-------- SUPPLIED DATA --------

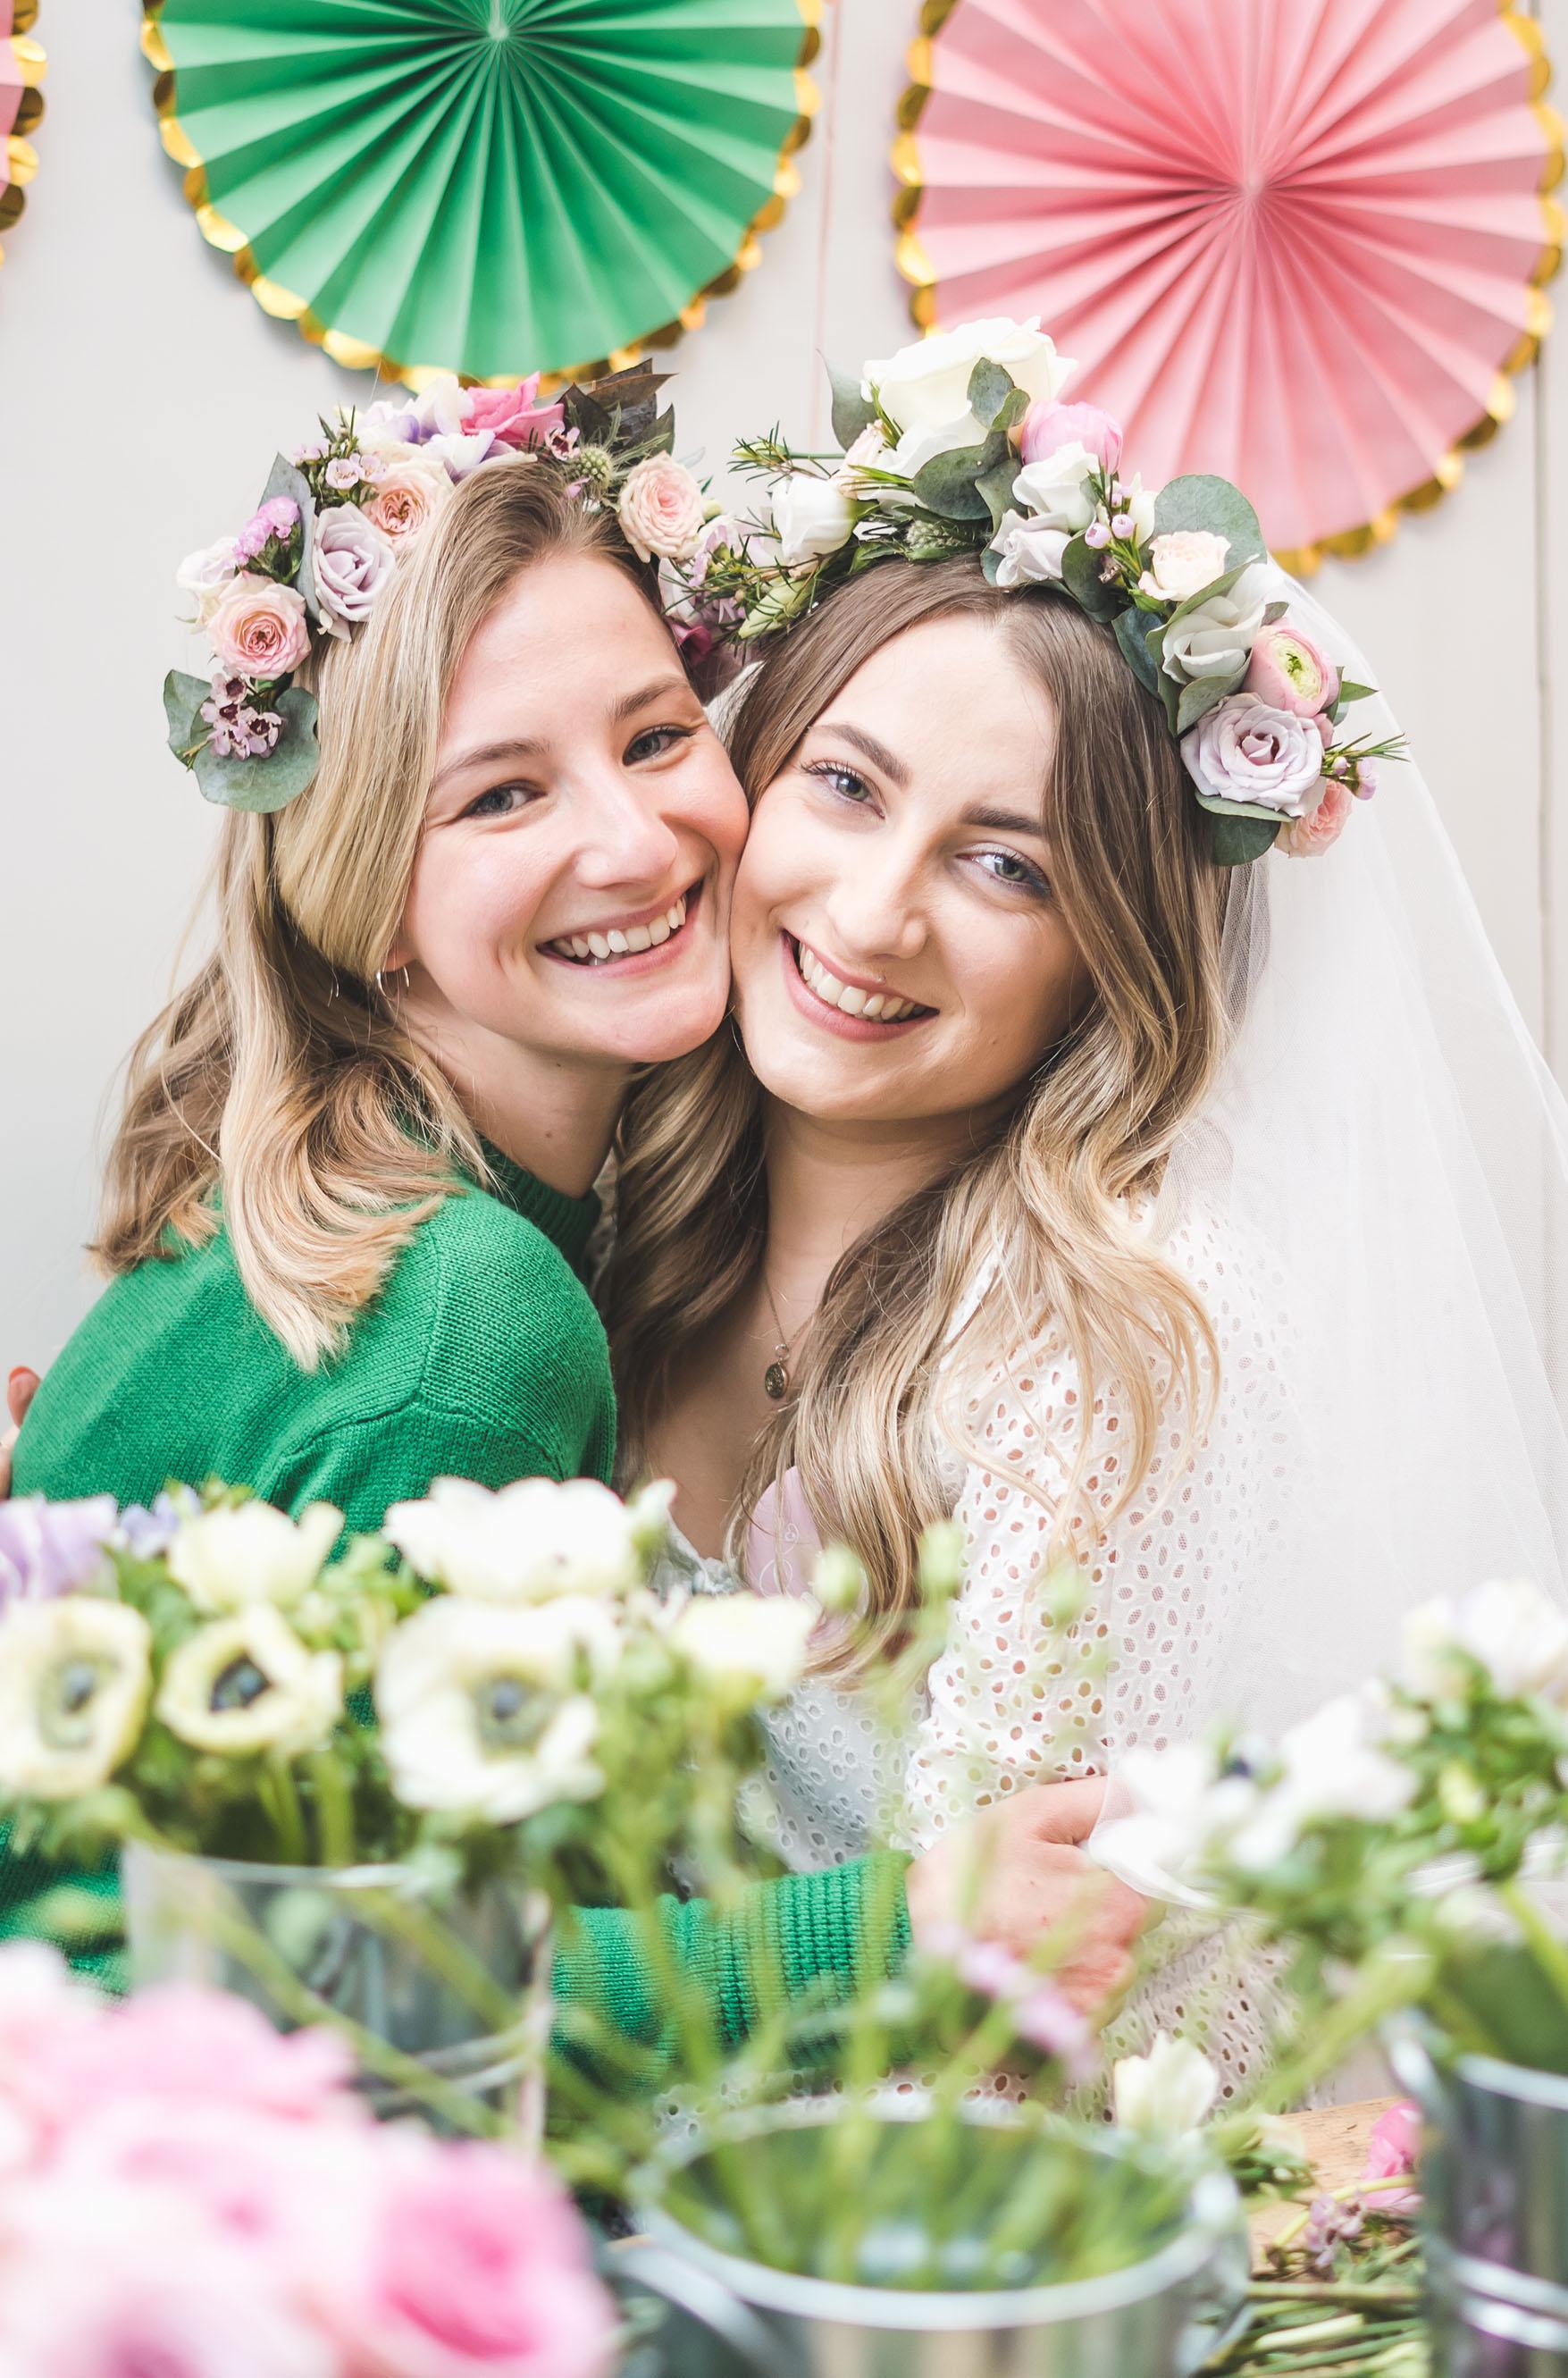 Flourish and Grace flower crown workshop
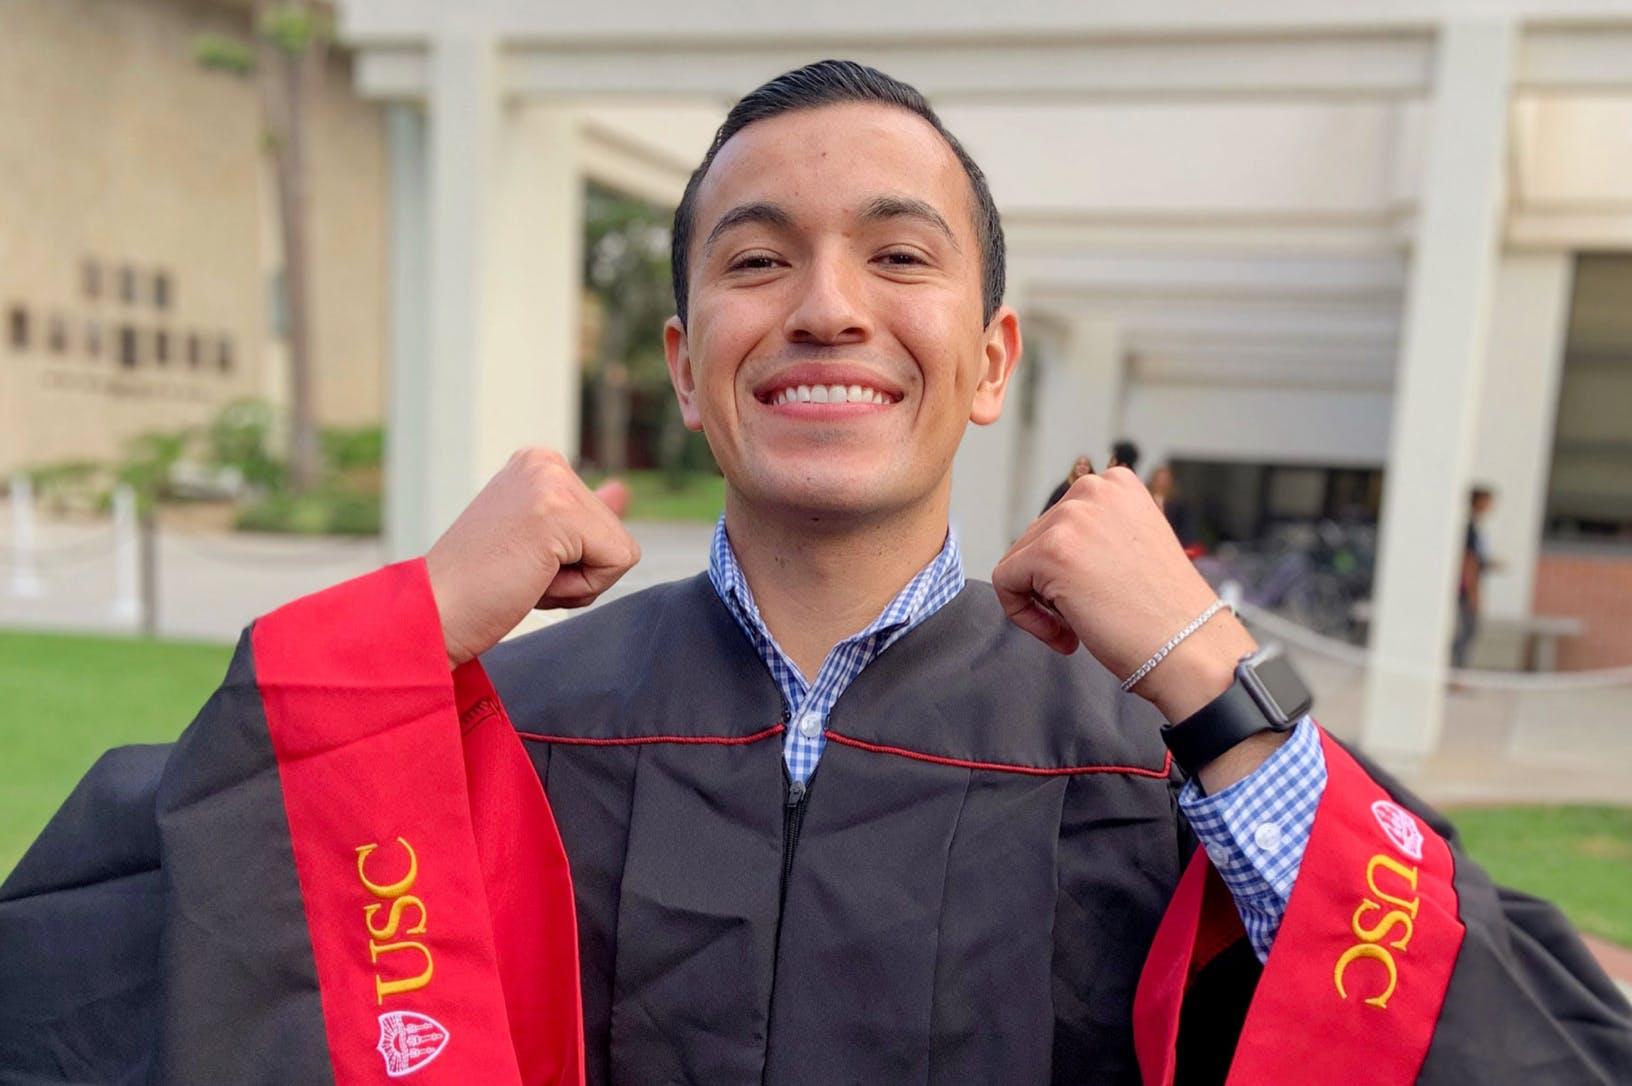 Graduating male smiling
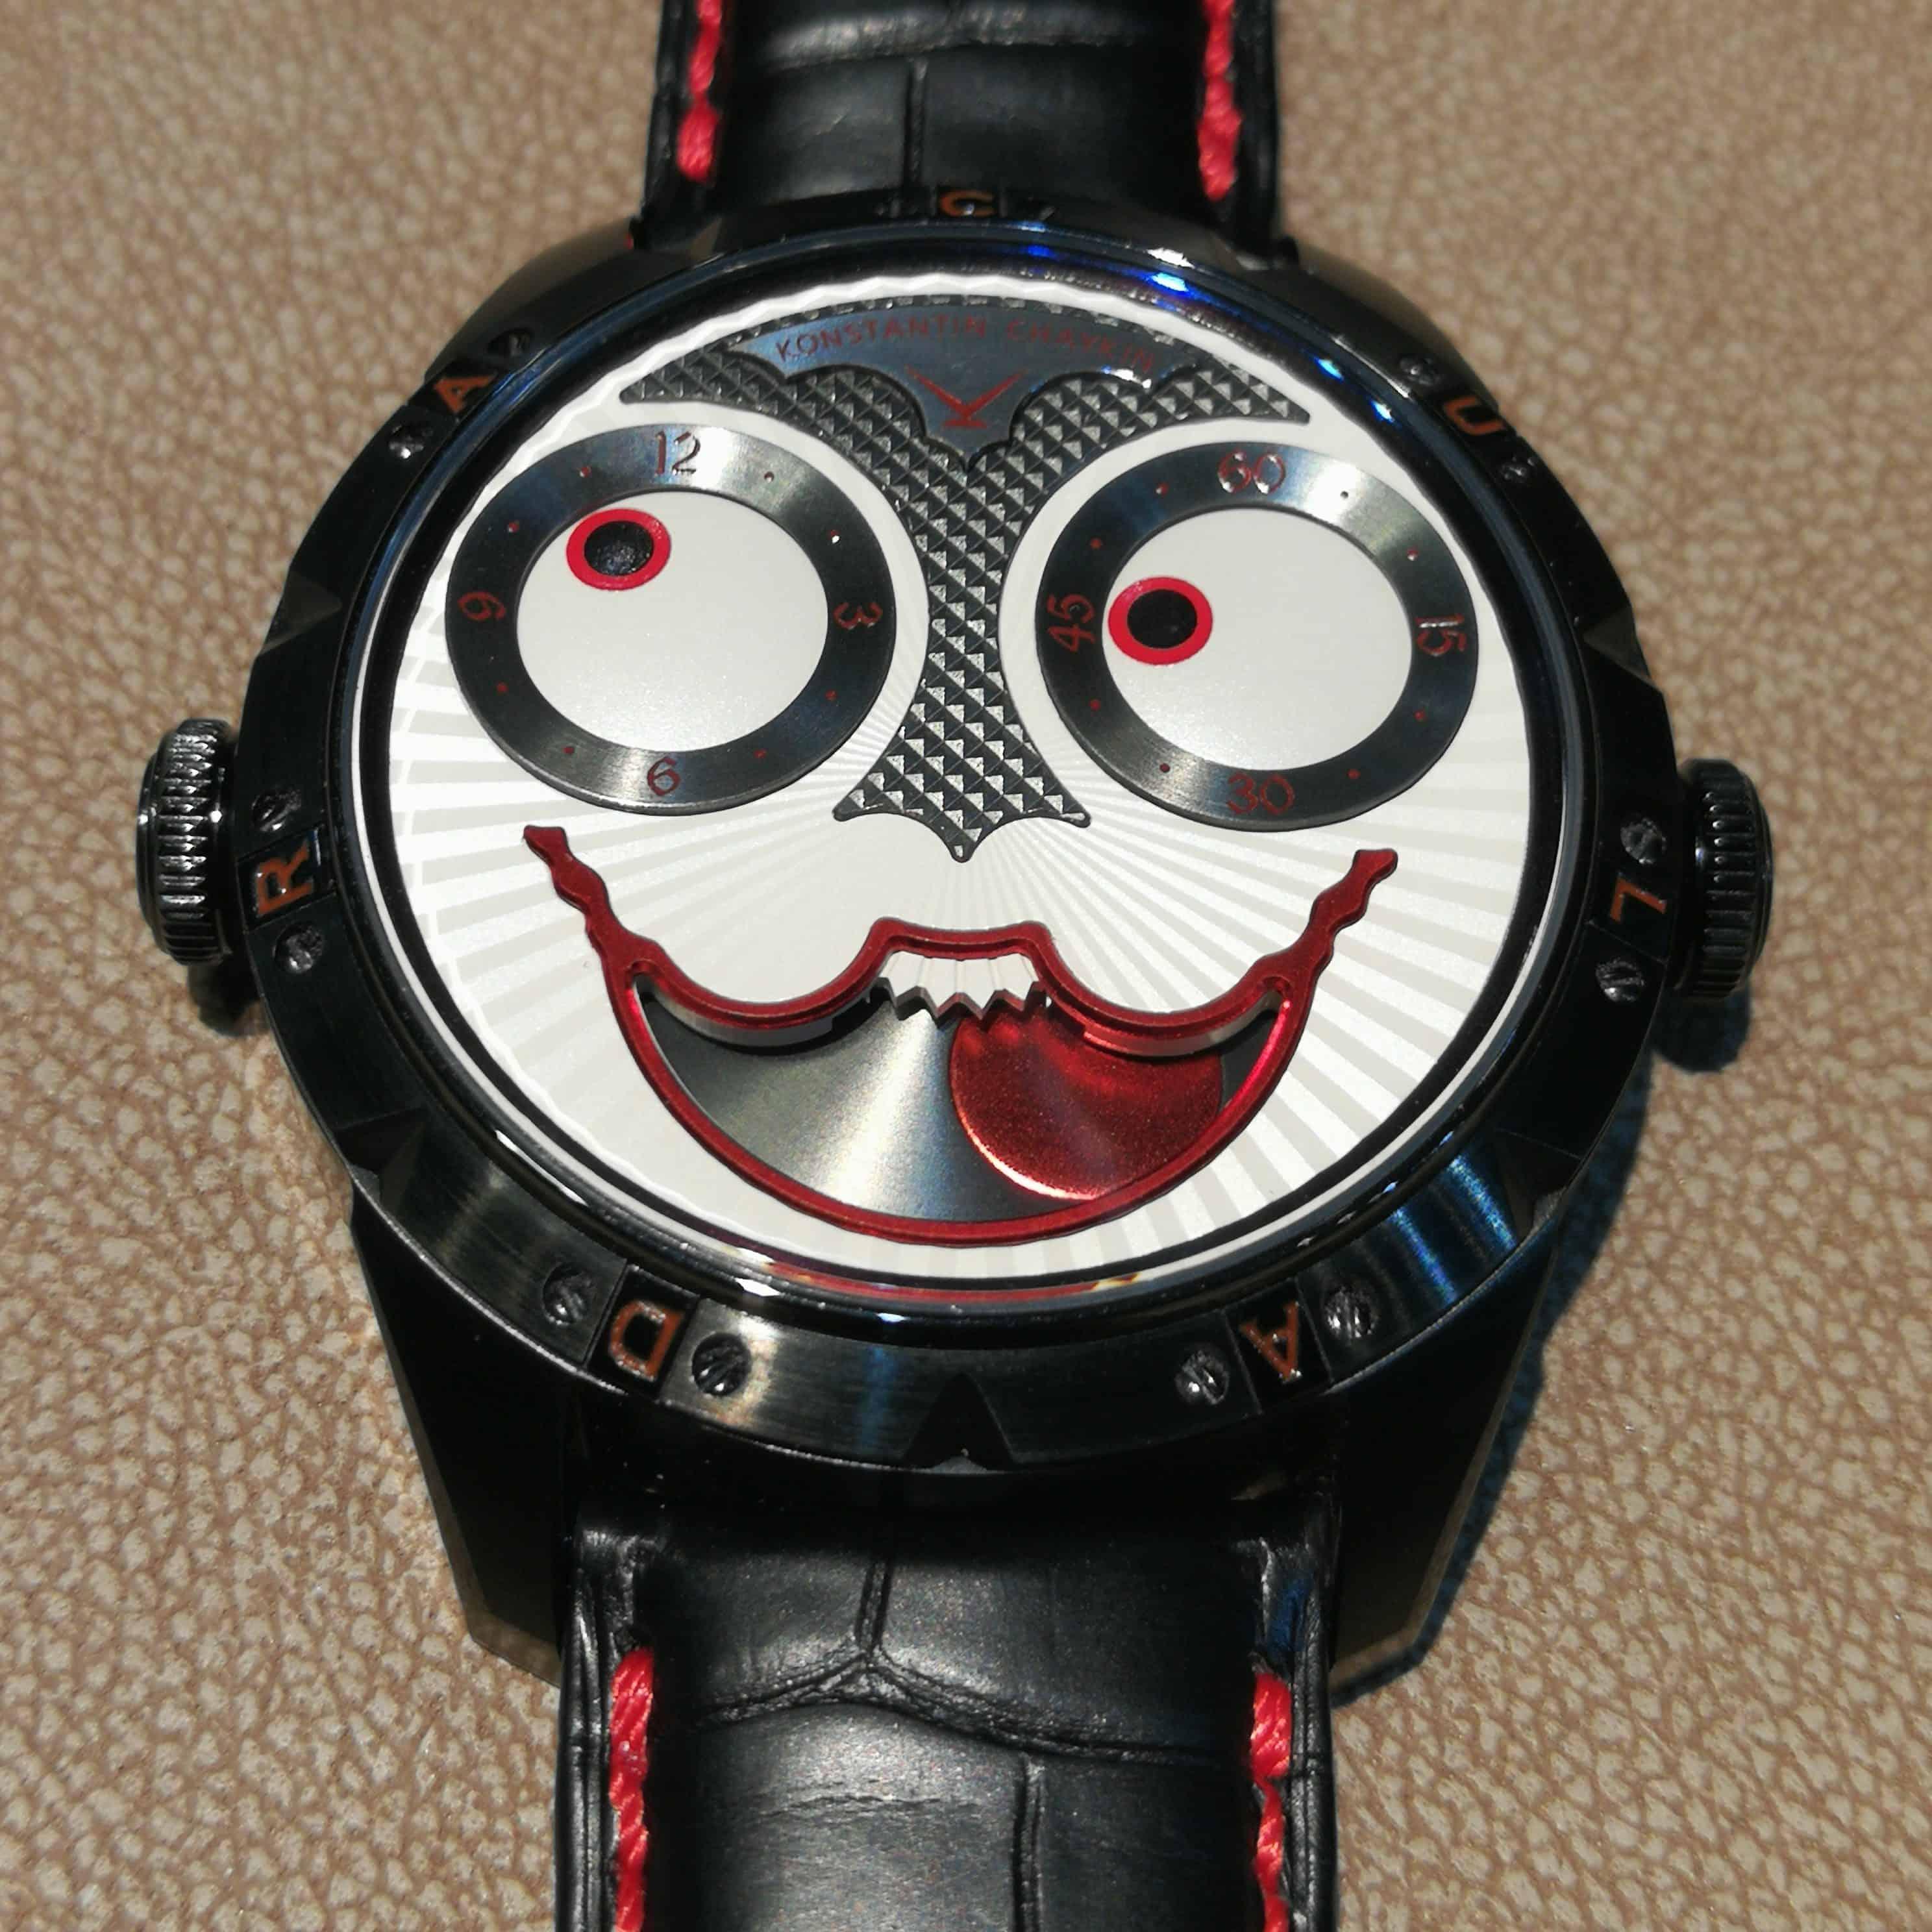 Konstantin Chaykin Joker Dracula Review – About Timepieces

--------

(PROBLEM)
Every line above goes into your copy exactly; no images go in.

(REPLY)
 Flourish and Grace flower crown workshop
 Graduating male smiling
 Konstantin Chaykin Joker Dracula Review – About Timepieces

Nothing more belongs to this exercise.